## Stored items from a collection:
-------

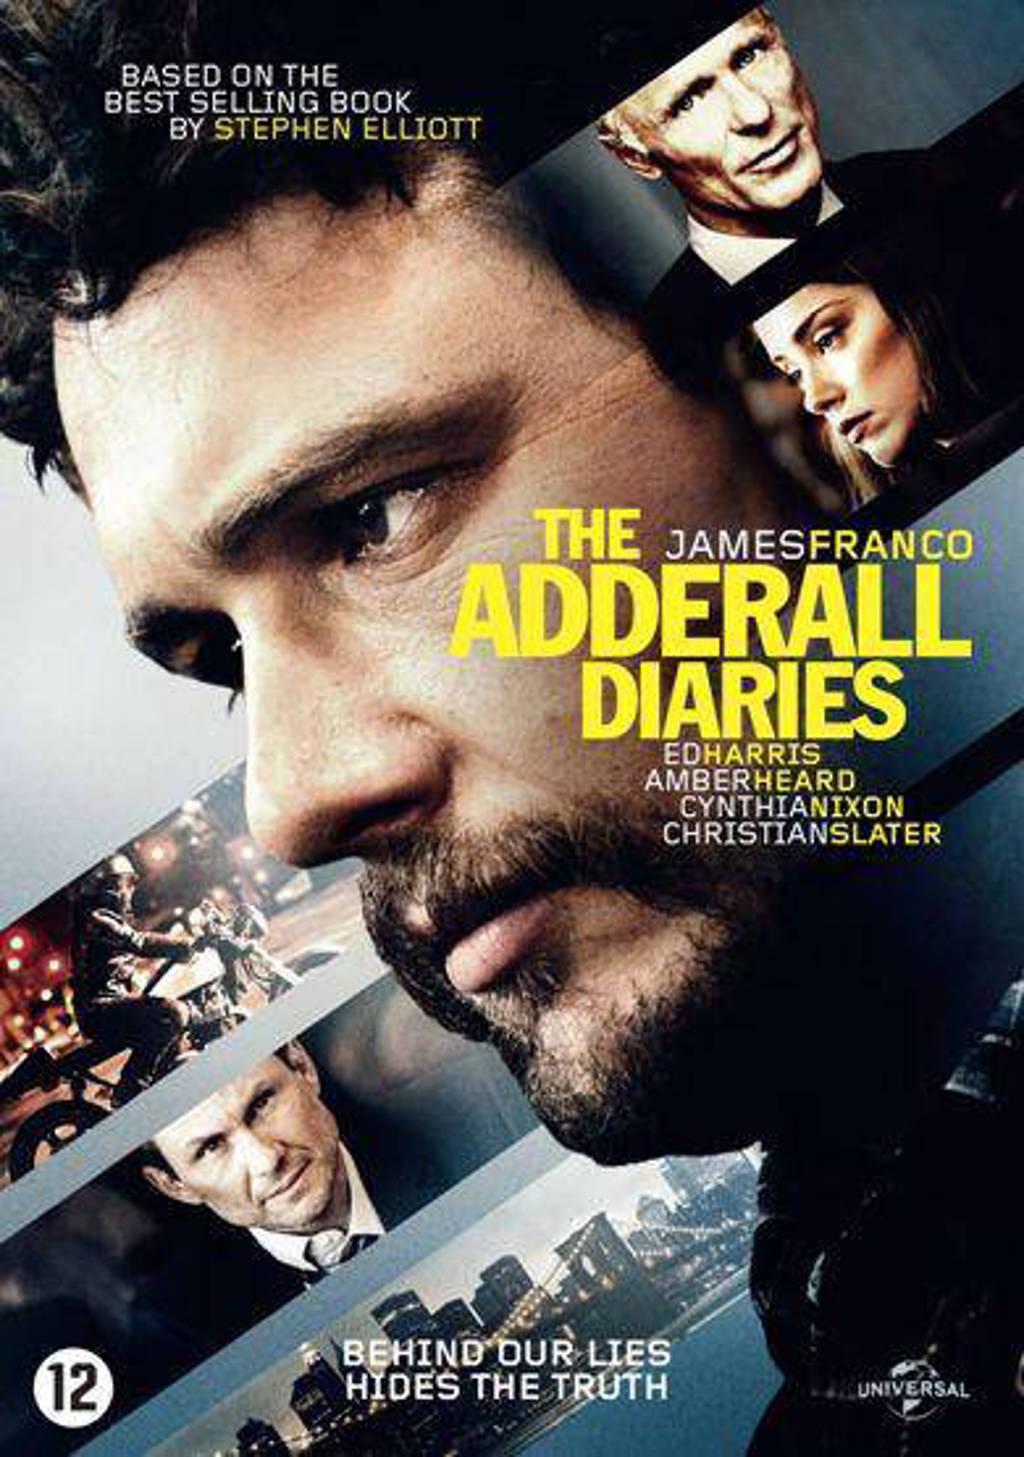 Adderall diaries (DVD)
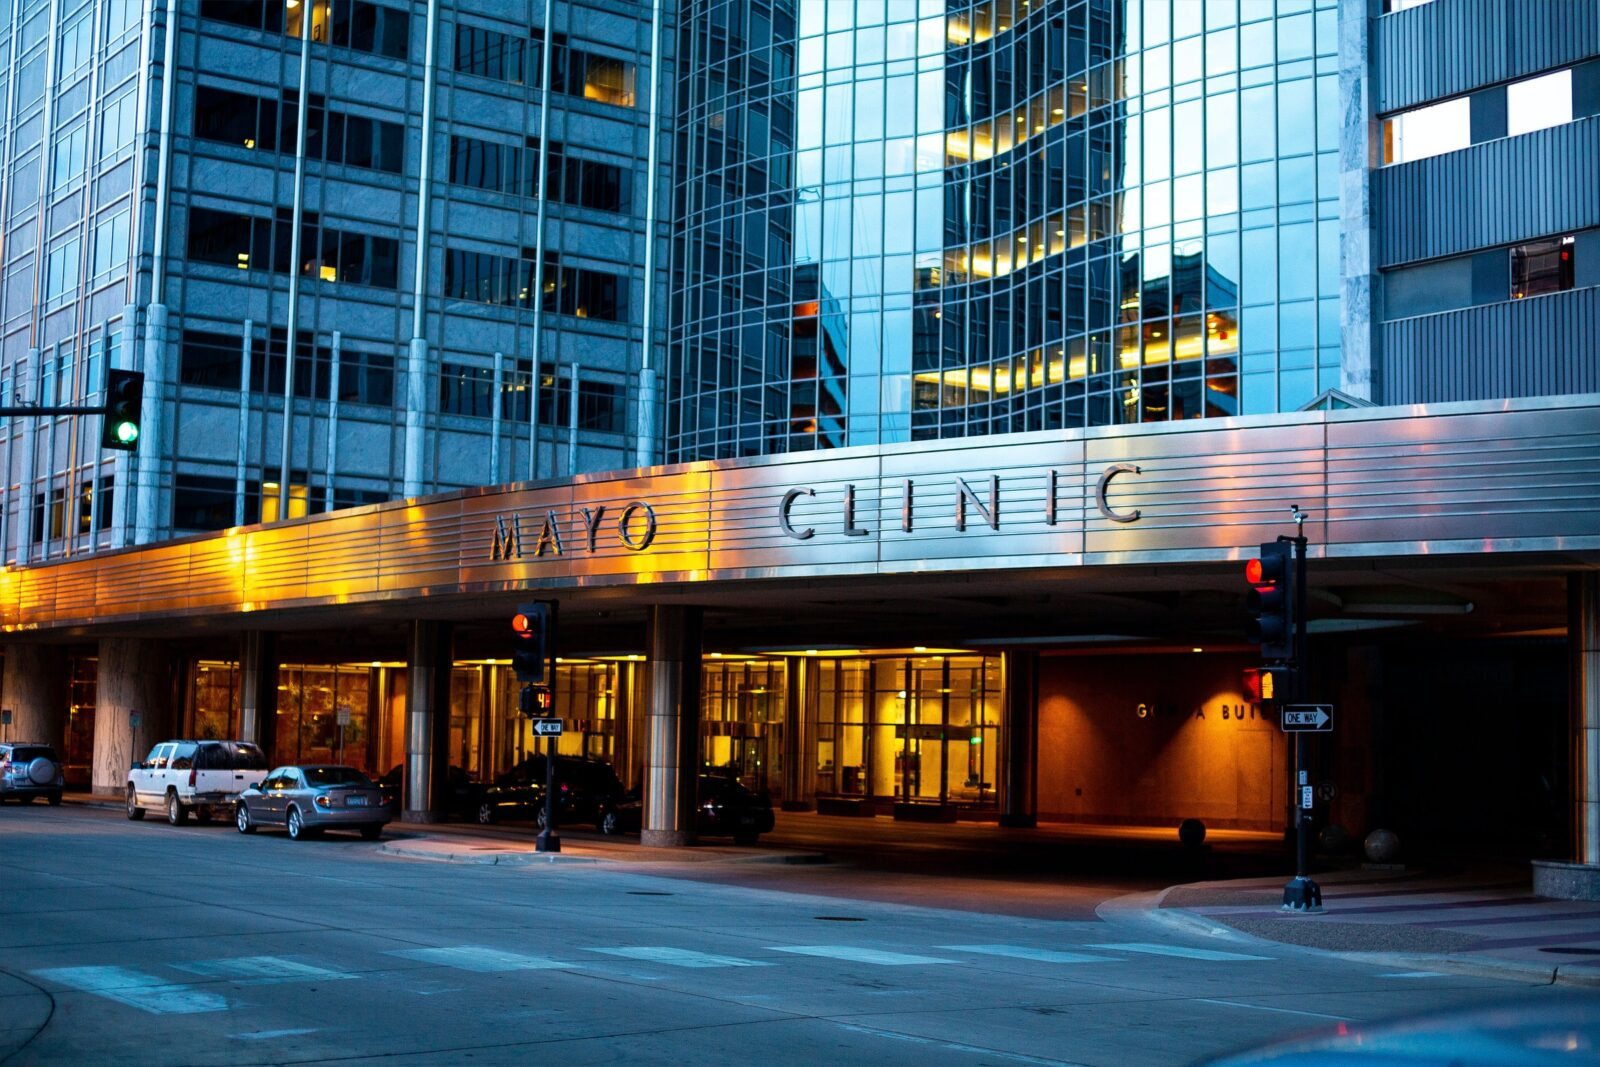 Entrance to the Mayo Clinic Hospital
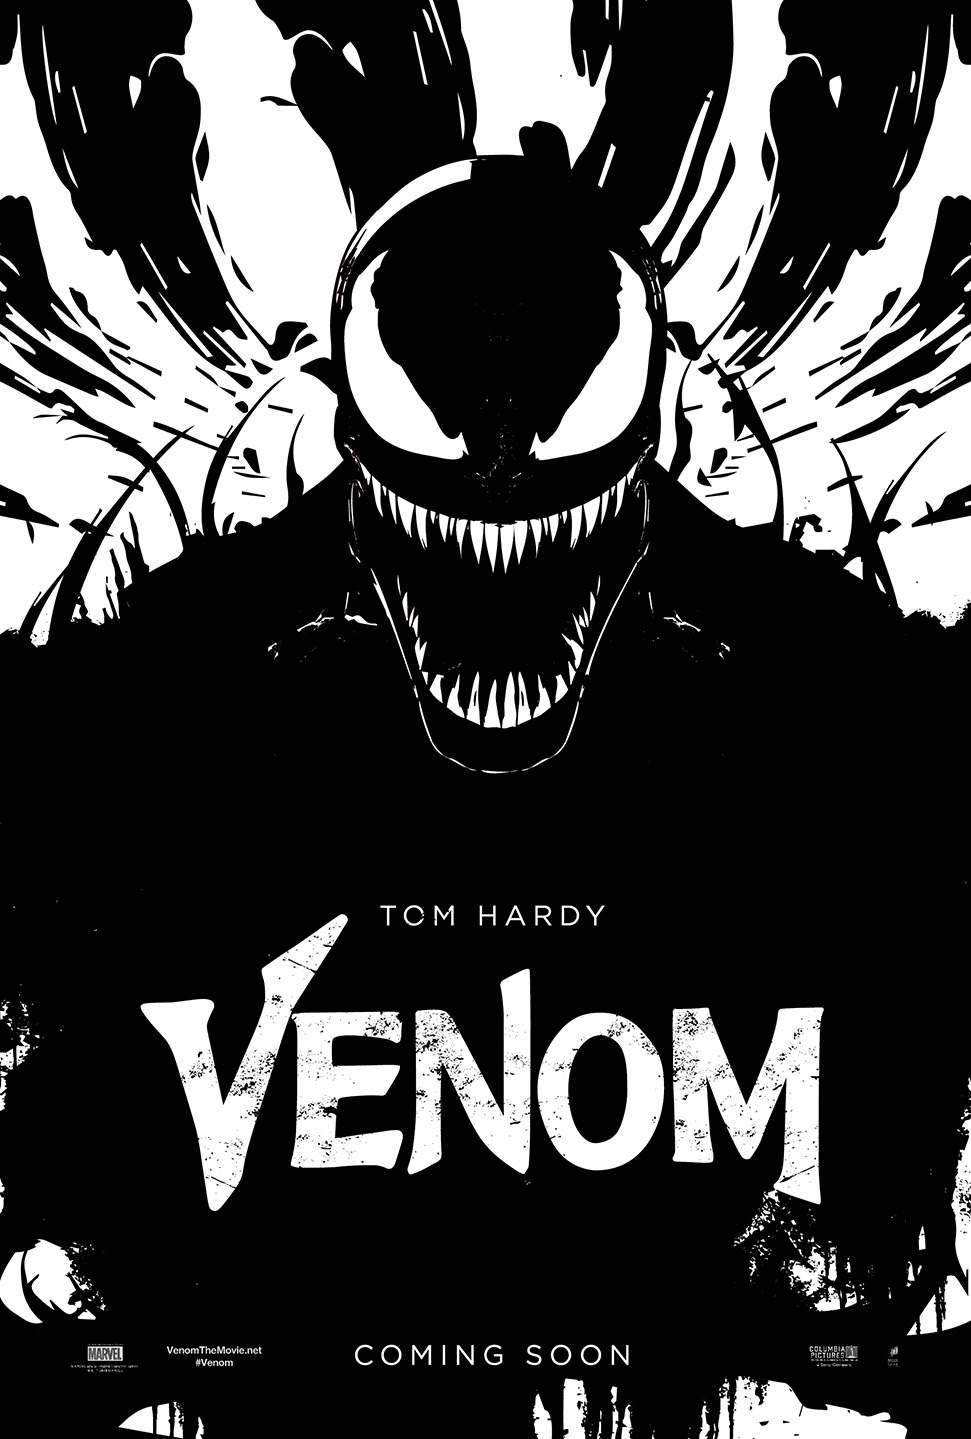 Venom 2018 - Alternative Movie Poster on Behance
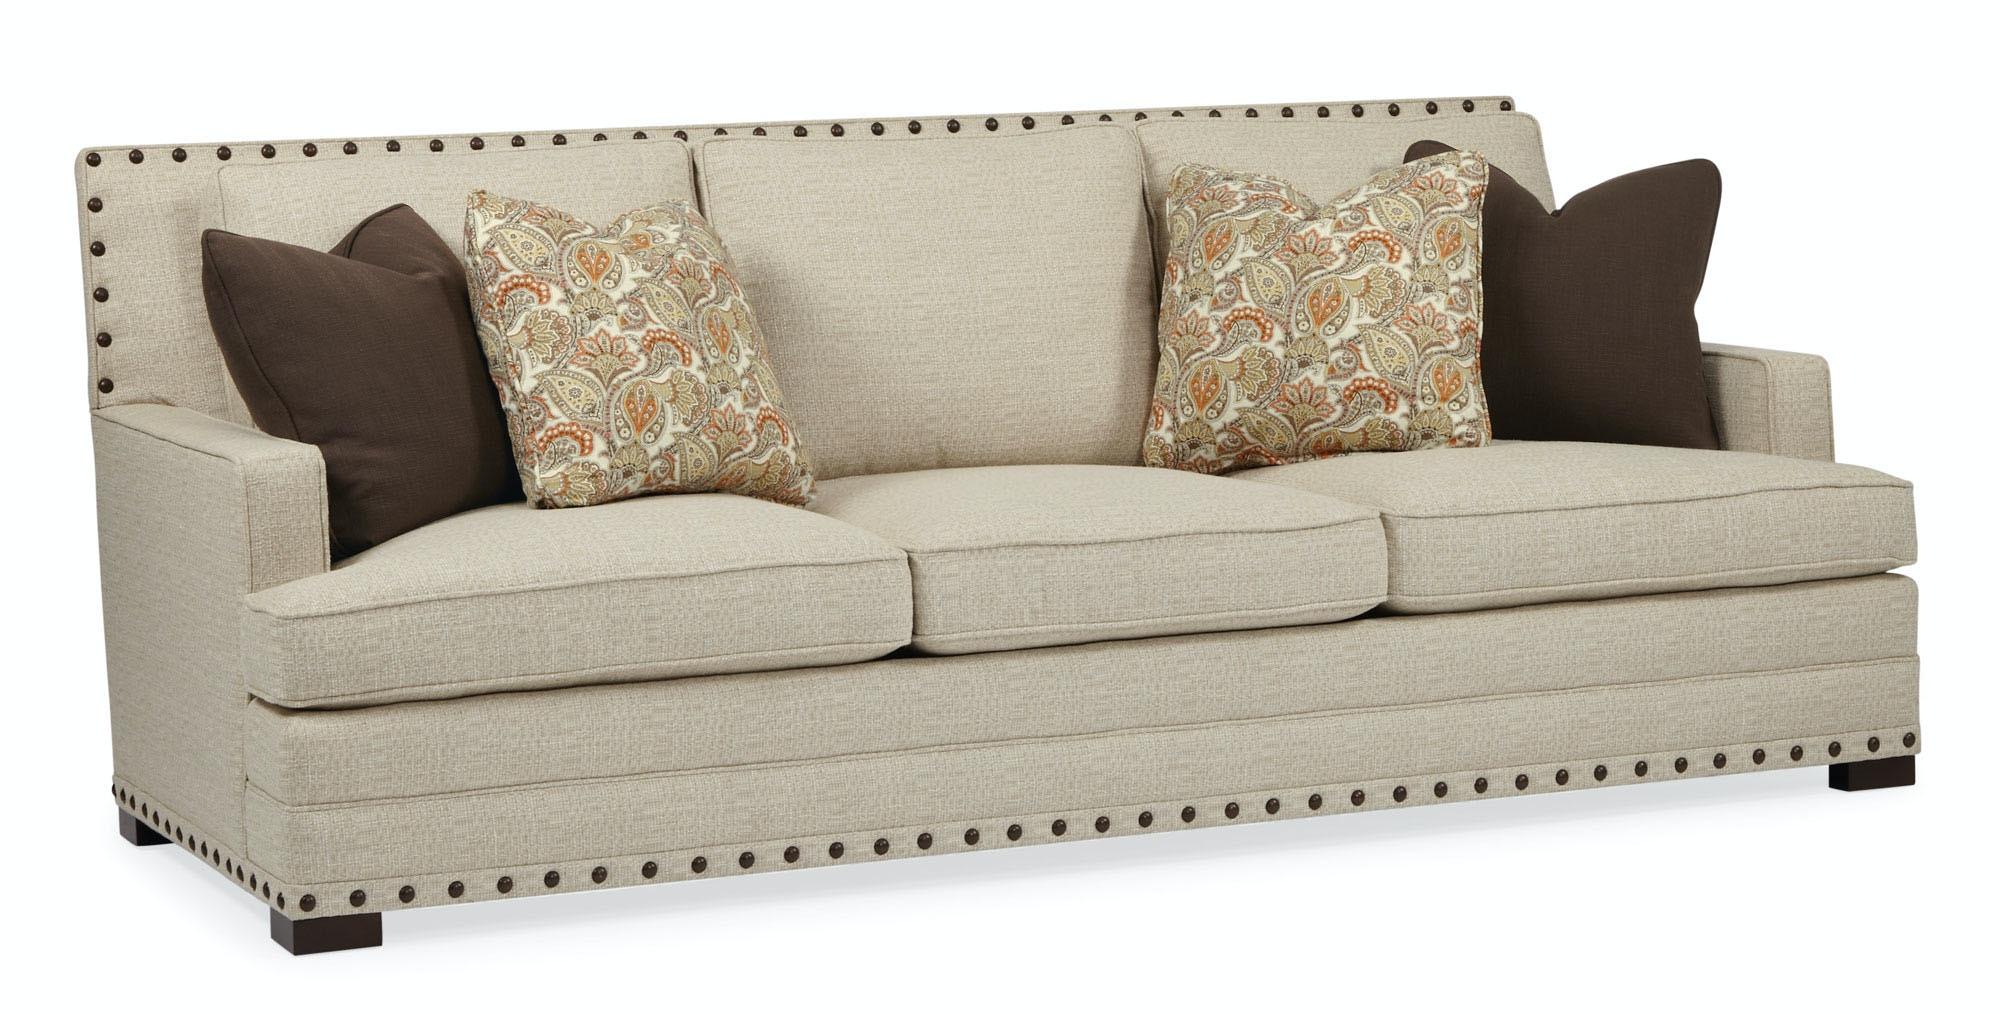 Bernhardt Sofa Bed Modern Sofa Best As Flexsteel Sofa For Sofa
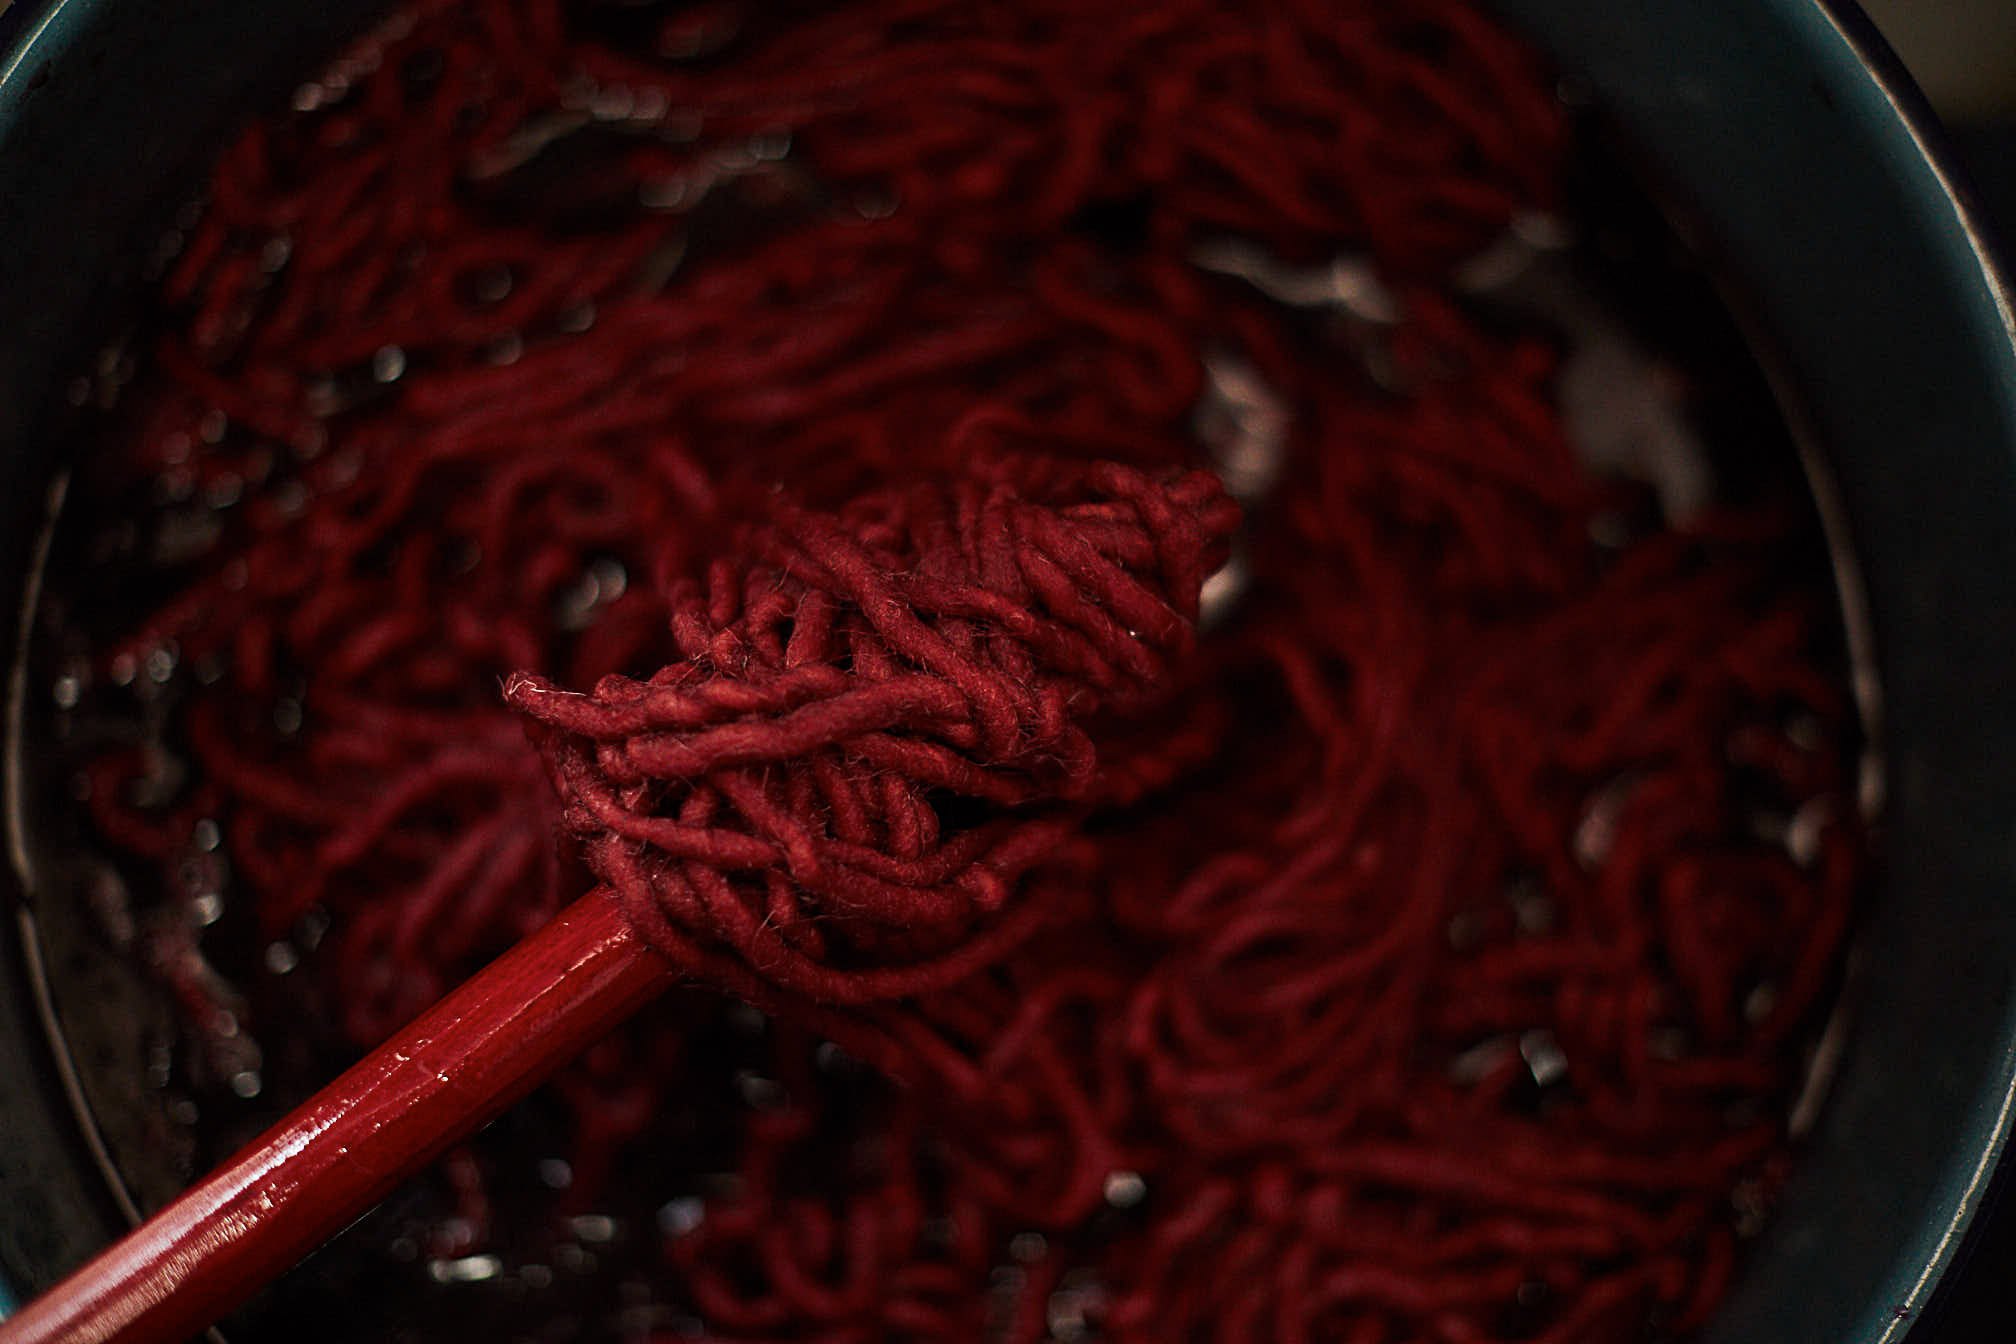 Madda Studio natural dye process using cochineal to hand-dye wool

-------

## Task:
The lines to retype begin with the one containing "Venom 2018 - Alternative" and end with the last line of the records. Reproduce them exactly and omit the pictures.

## Solution to this problem:
 Venom 2018 - Alternative Movie Poster on Behance
 Bernhardt Sofa Bed Modern Sofa Best As Flexsteel Sofa For Sofa
 Madda Studio natural dye process using cochineal to hand-dye wool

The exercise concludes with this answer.